Lesson 2: Maintain adequate resources to provide effective services.
So I thought, “Well, this is the age of social media. I’ll visit the company Facebook page and Twitter sites.” Found those, despite a rapidly dying battery, only to read the messages from the 35,000 customers: “Please update your outage reports”, and “When can we expect heat, our house is very cold?”, and “My mother is on oxygen, please help.”
Lesson 3: Social Media means communication in real time. The new technologies are worthless if used incorrectly. If you host a social media application, keep it current.
Then my cell phone said, “No signal.” No heat, no lights, no phone, no internet, no driveway.
In the bottom of the storage closet I found a battery-operated radio and it still worked. But where the heck could I find news about the storm? Interestingly enough, nowhere. News, I found, is relegated to a only few minutes, and no station had the capacity to provide in-depth local information. I did find that there were several community shelters available if I needed them—and if I could get out of my driveway and/or phone for snowmobile rescue.
Lesson 4: Plan for a disaster, because one will someday happen. Have a central information point. Make sure that everyone knows where to go for information when it’s needed, especially in an emergency. Technology makes it possible to provide prompt information services…so make sure you incorporate communication programs into your regular operations.
And Lesson 5: Make sure your support services are what the consumer/member really needs. Shelters don’t do much good if I can’t get down my driveway (just as education and other opportunities in a trade association need to be relevant to the member’s business success).

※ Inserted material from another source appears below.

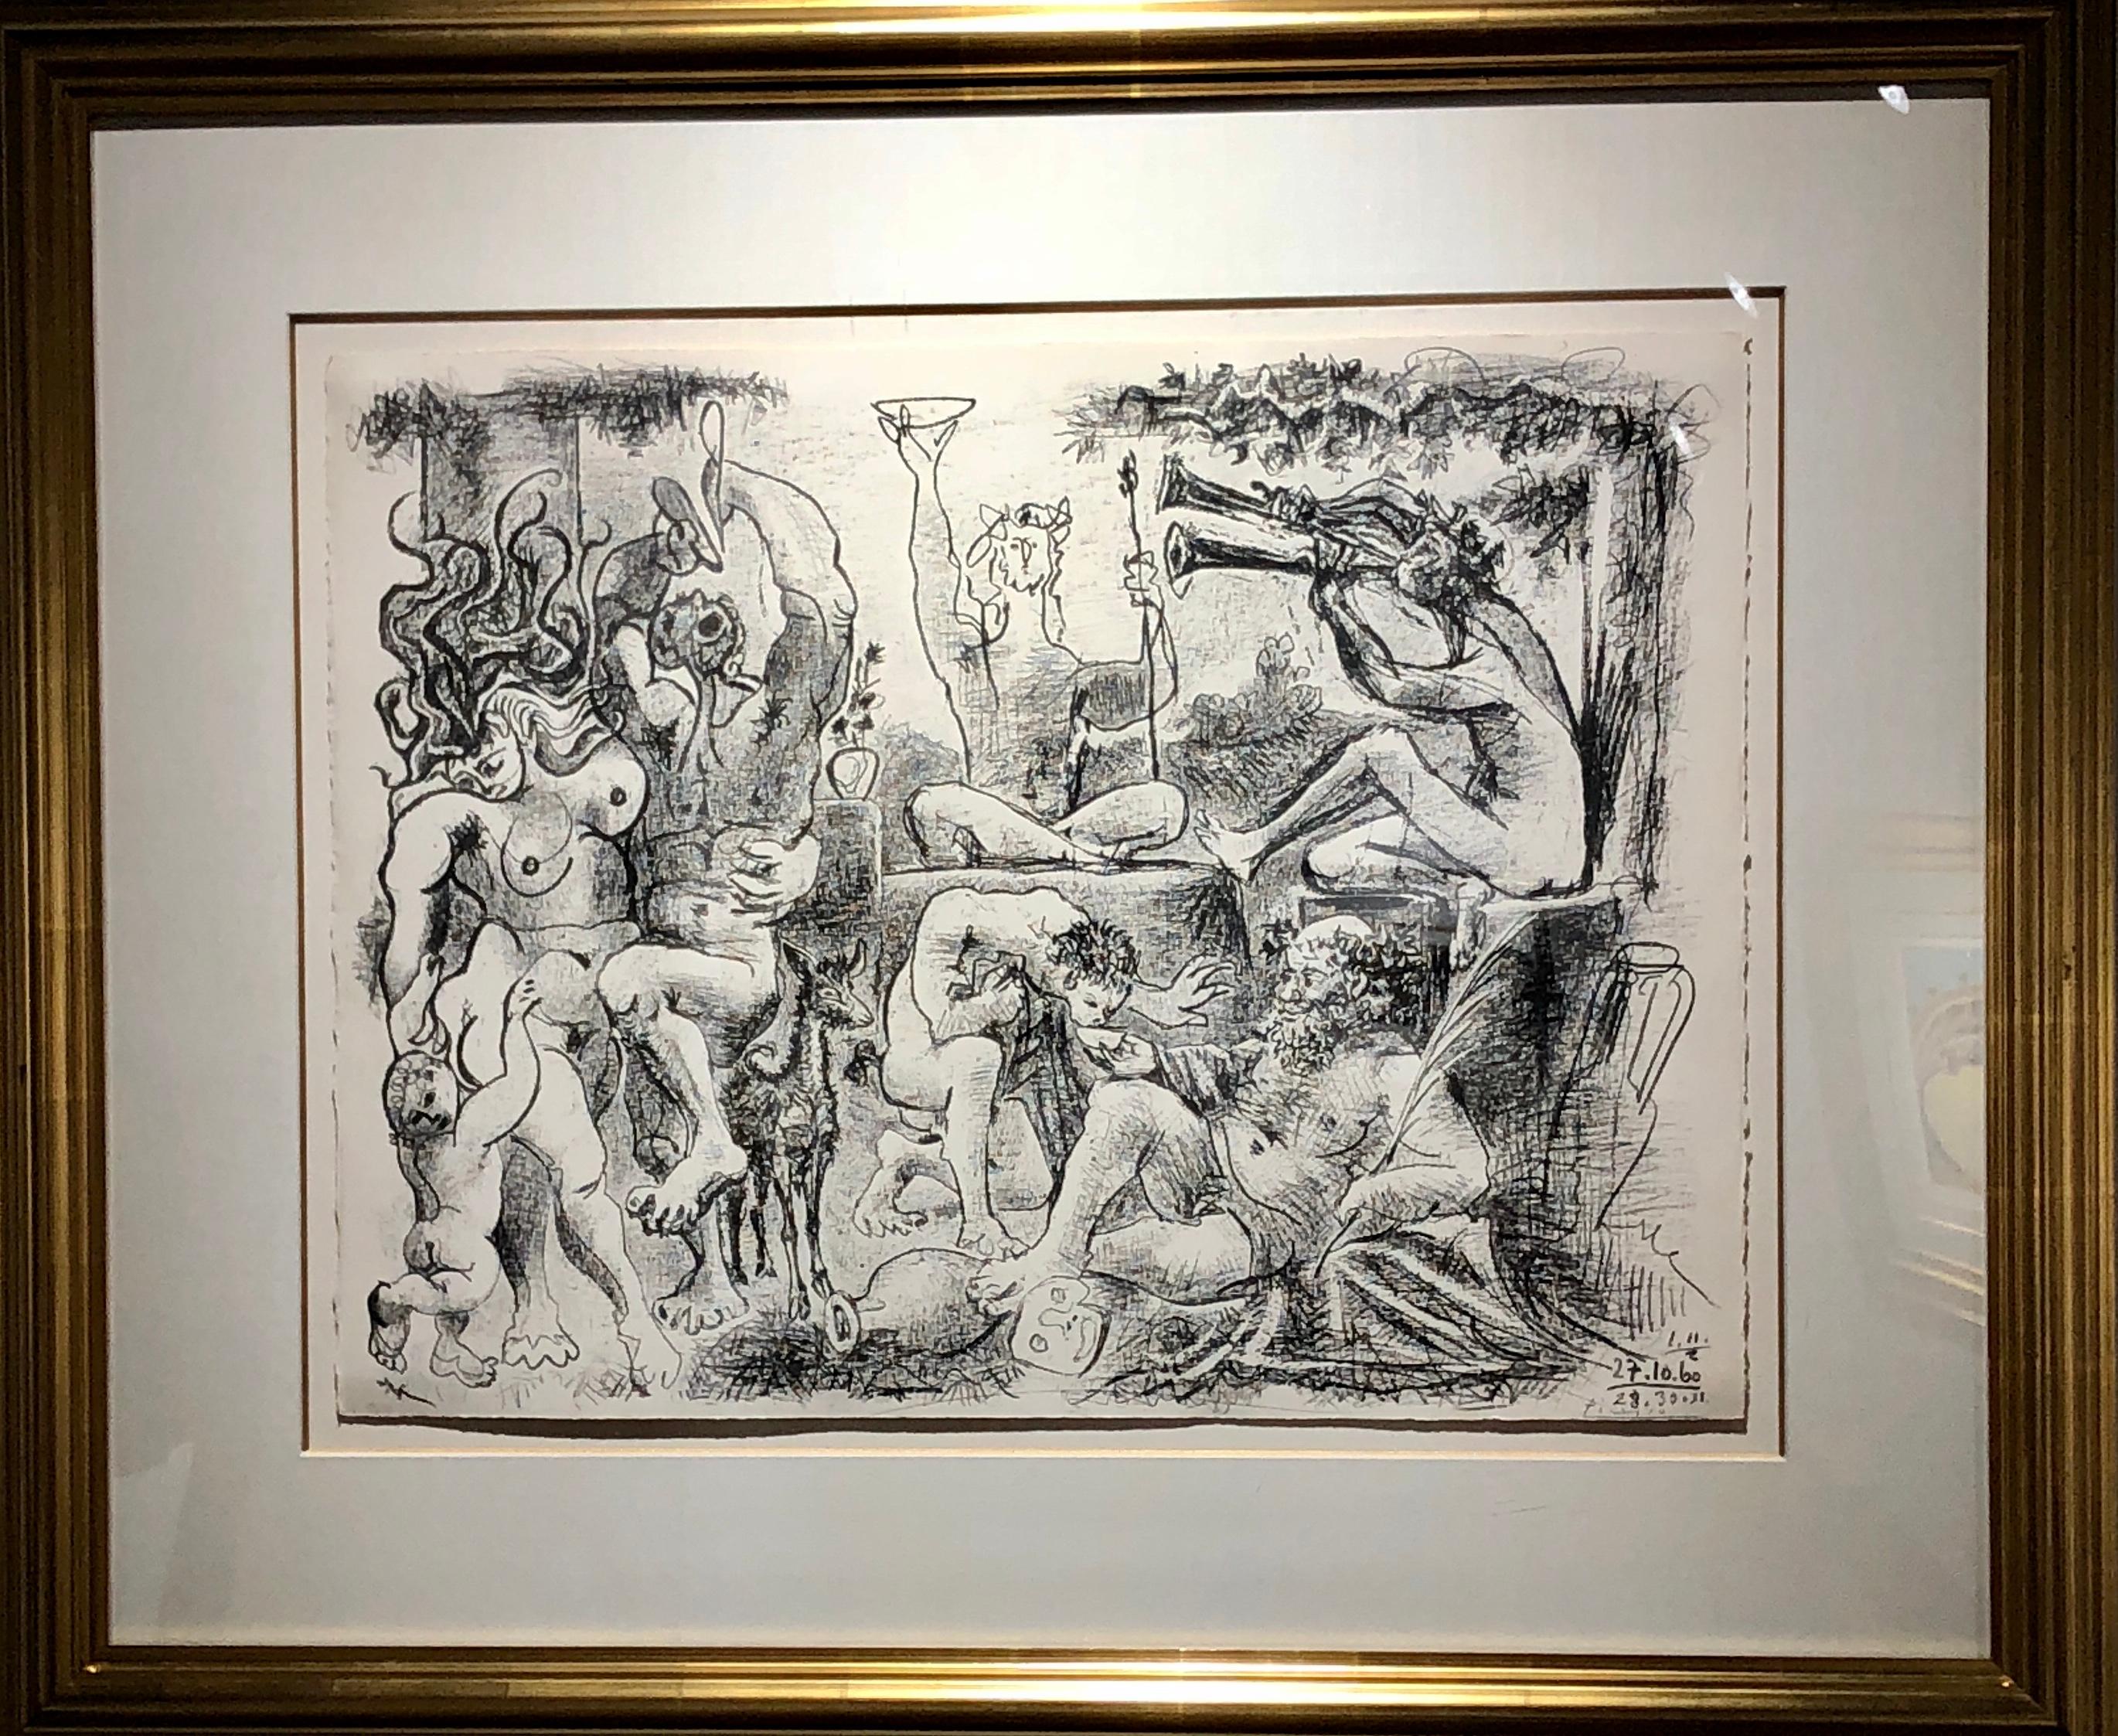 This piece is an original lithograph created by Pablo Picasso in 1960. It is an elaborate composition in crayon, pen and scrapings on transfer paper transferred to stone.  Picasso took up this work six different times, as can be seen on the right

My rescue procedures began after two days of isolation: at 5 AM Sunday morning I realized that I could see lights shining on my frozen front lawn. “Either the electricity is back on, or the moon is very bright,” I thought.

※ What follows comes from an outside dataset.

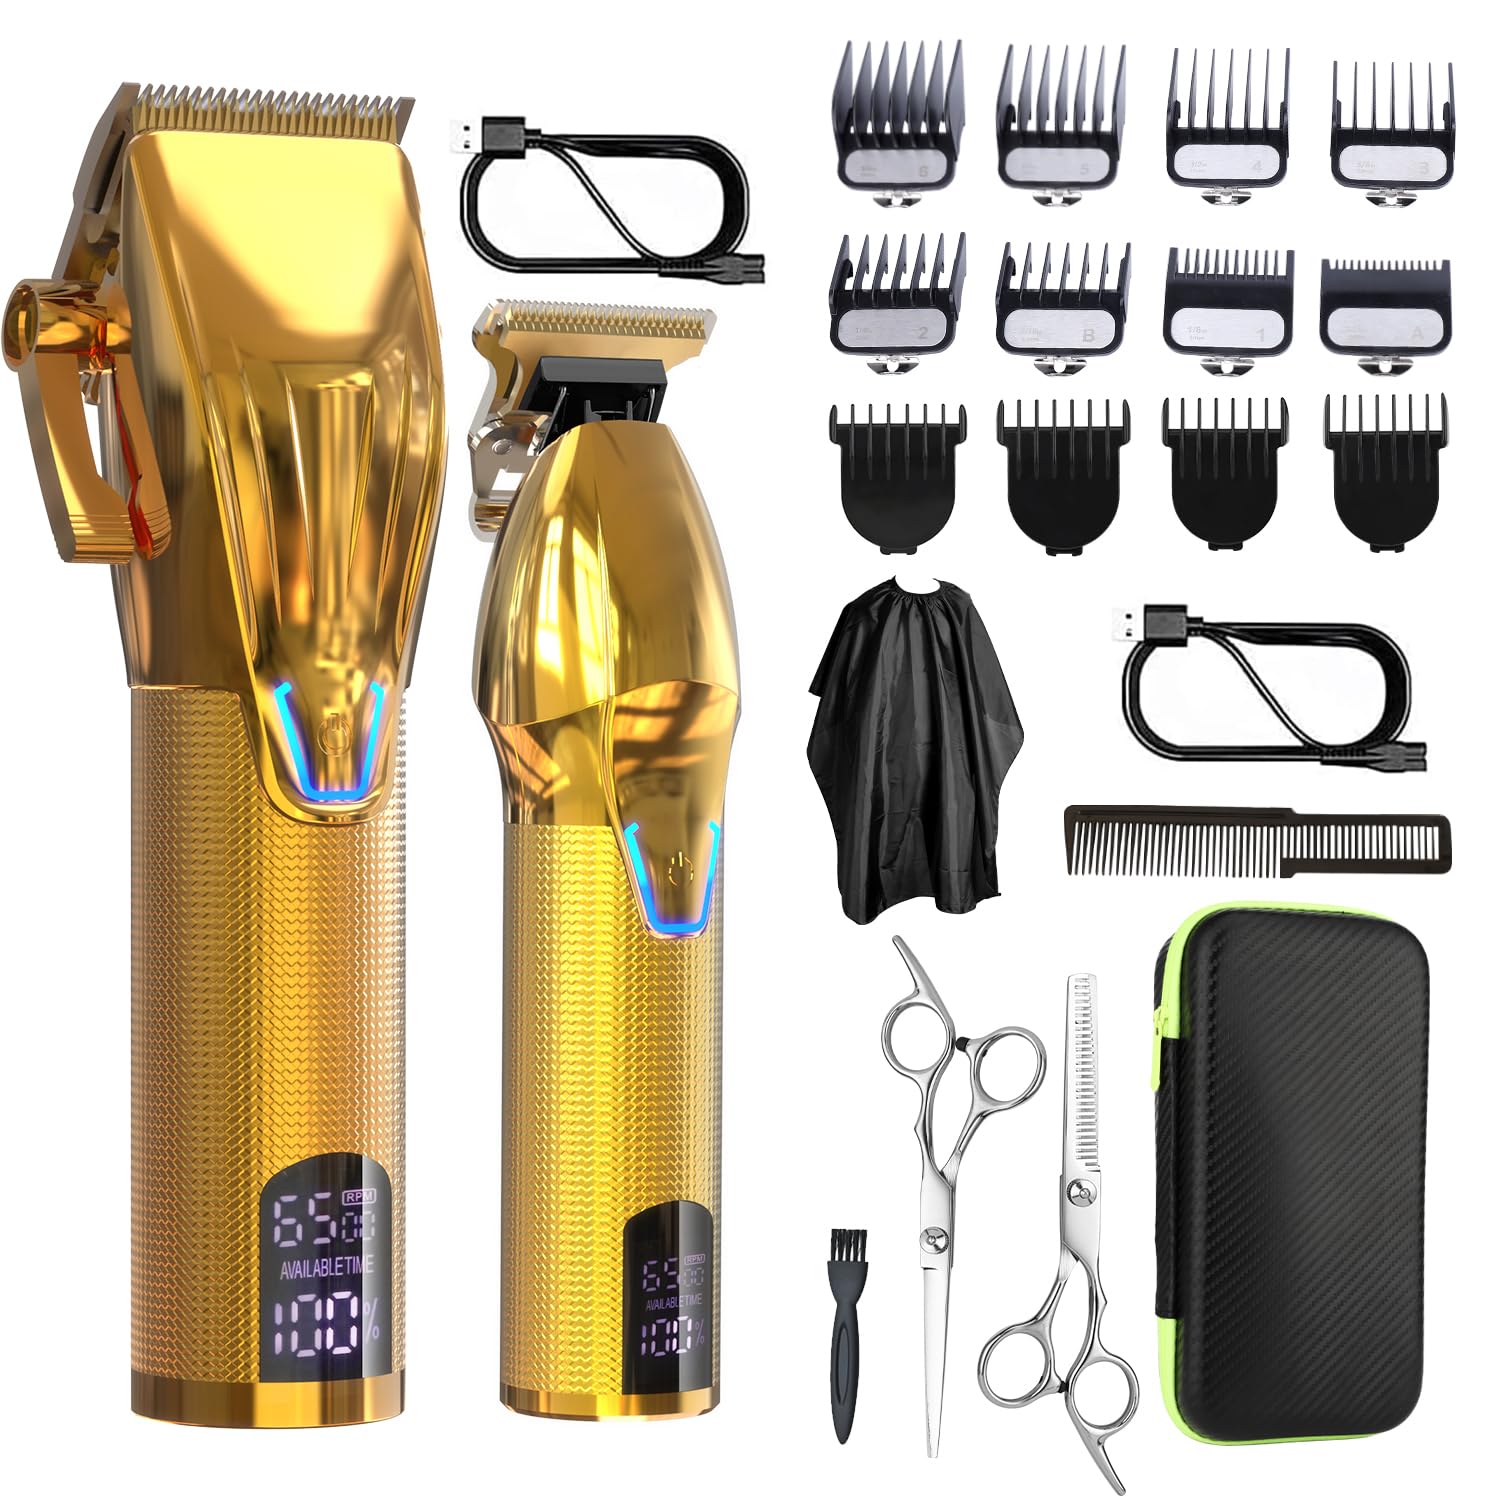 Elite Pro | Corded Hair Clippers for Home Use - Wahl EU

Not so! These were the headlamps of the snowplow stuck in my driveway as he tried to remove two days of heavy accumulation. Too little, too late, and foolishly applied in the early morning dark. He was joined by another snowplow and, some hours later by a front-end loader. Soon, they were all stuck in my driveway and I was still a prisoner.
Lesson 6: Apply solutions quickly, using adequate resources to get the job done. (I know, I know: this is especially difficult in an organization run by a committee. It’s always more comfortable for volunteers to have another meeting, a survey, or a vote and further study. “Everybody needs to be on the same page” Is the common excuse for inaction.)
And of course, the faulty execution of a solution leads to the inevitable:
Lesson 7: Maintain reserves. Emergency measures will always be more costly than anticipated. Take the case of my snowplow guy: his initial timing mistake lead to three vehicles embedded in my front lawn, increased expenses for him, and—I’m assuming—a similarly inflated invoice to me. Whether or not I protest his extra charges isn’t the point: somebody has to bear unexpected costs. It’s just good business to be prepared.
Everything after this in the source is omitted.